Дрюня, судя по всему, тоже отсутствовал. Сергей пару секунд подумал, а затем толкнул дверь.
Дрюня стоял в углу, почему–то были на нем высокие брезентовые ботинки, очень старые джинсы и свитер, который расползался по ниткам, все лицо – коричневато–серого цвета, а из впадины рта, как сироп, протянулась вишневая струйка крови. И вообще он был какого–то не такого роста: мешковатый осевший, притулившийся в стыке обоев, волосы дыбились у него, как пакля, а прямые кургузые руки висели вдоль тела.
Сергей чуть не грохнулся от этой картины – он, как сумасшедший, рванулся было вперед, но уже мгновенно дошло, что это не Дрюня, – что не Дрюня, а мастерски сделанное подобие. Сразу стала видна расписанная красками мешковина, целлулоидные глаза, которые дико застыли. Изготовлено все это было весьма талантливо, сходство, несколько карикатурное, не вызывало сомнений, посмотреть откуда–нибудь издалека, так – безусловно Андрон, до сих пор Сергей и не подозревал у него художественных способностей, но производило, однако, отталкивающее впечатление – словно жалкая, уродливая копия человека. Сергей оглядел его с некоторым отвращением. Значит, это и есть «заместитель», подумал он. То, что Дрюня мастерил последние две недели.

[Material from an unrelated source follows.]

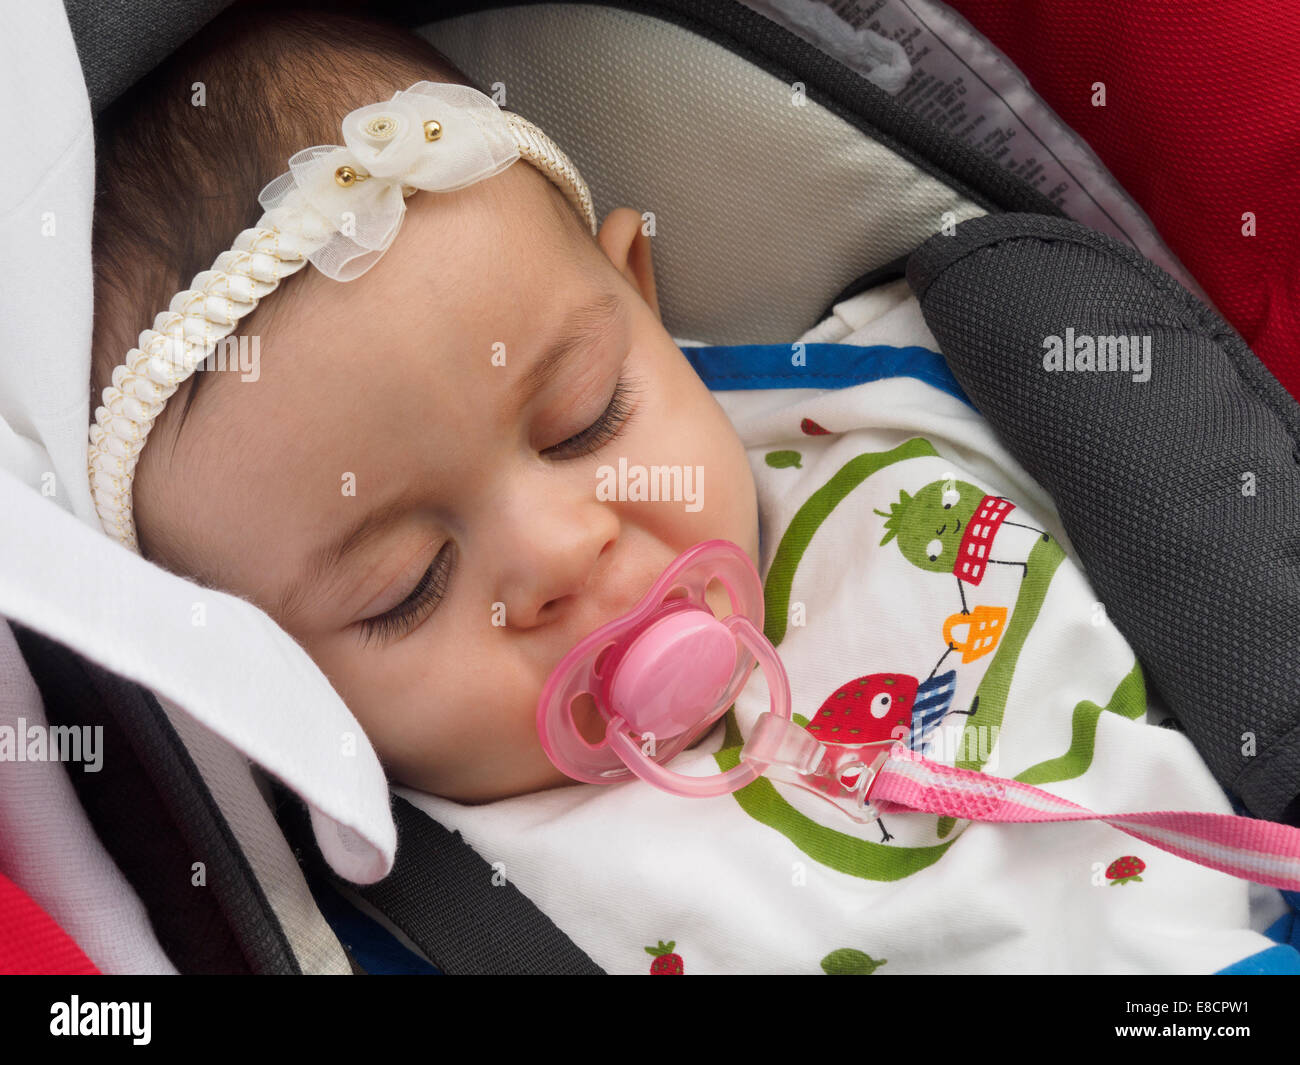 Baby girl sleeping with pacifier Stock Photo

Как ему только времени своего было не жалко. И потом, почему «заместитель», мы в детстве называли их «братиками». Я, как помнится, изготовил «братика» Хомячка, а у Харитона был братик по имени Галабуда. Харитон уже тогда любил дурацкие прозвища. И, насколько я помню, «братики» эти были меньших размеров. Сантиметров, наверное, пятьдесят; как изменились масштабы.
Он попытался вспомнить, зачем они делали «братиков». Ведь, наверное, не для того, чтобы разыгрывать семейные сцены. Что–то там было совершенно иное. Где–то нужно их было оставить, и кто–то их забирал. Нет, не помню, давно все это происходило…
Сергей был несколько обескуражен. Неужели это «заместитель» за ним следил? Елки–палки, как разыгралось воображение. Это – после вчерашнего, наверное, результаты похмелья. Надо выбросить все это из головы.
Сказано – сделано, он перемыл на кухне посуду, аккуратно подмел и протер кое–где заляпанный пол, просмотрел все углы: не бросил ли Харитоша хабарик и, наконец, разогнавшись, вымыл доски крыльца, где приветливо просияло свежее дерево. Настроение у него заметно улучшилось, ведь недаром считается, что работа и помогает и лечит, абстиненция проходила, он даже начал нечто насвистывать, в этом мире вполне можно было существовать, и, лишь вспомнив о записке, оставленной Веткой, и подняв крышку погреба, залитого мерзкой тьмой, он смутился, охваченный нехорошим предчувствием. Очень уж ему не хотелось туда лезть. Засосало под ложечкой и нежный озноб пробежал по затылку. Сергей рассердился по–настоящему. Он, в конце концов, взрослый самостоятельный человек. Какого черта ему бояться предчувствий. «Глупости это все», сказал он довольно громко. И, опершись руками о деревянные ребра, решительно спрыгнул вниз.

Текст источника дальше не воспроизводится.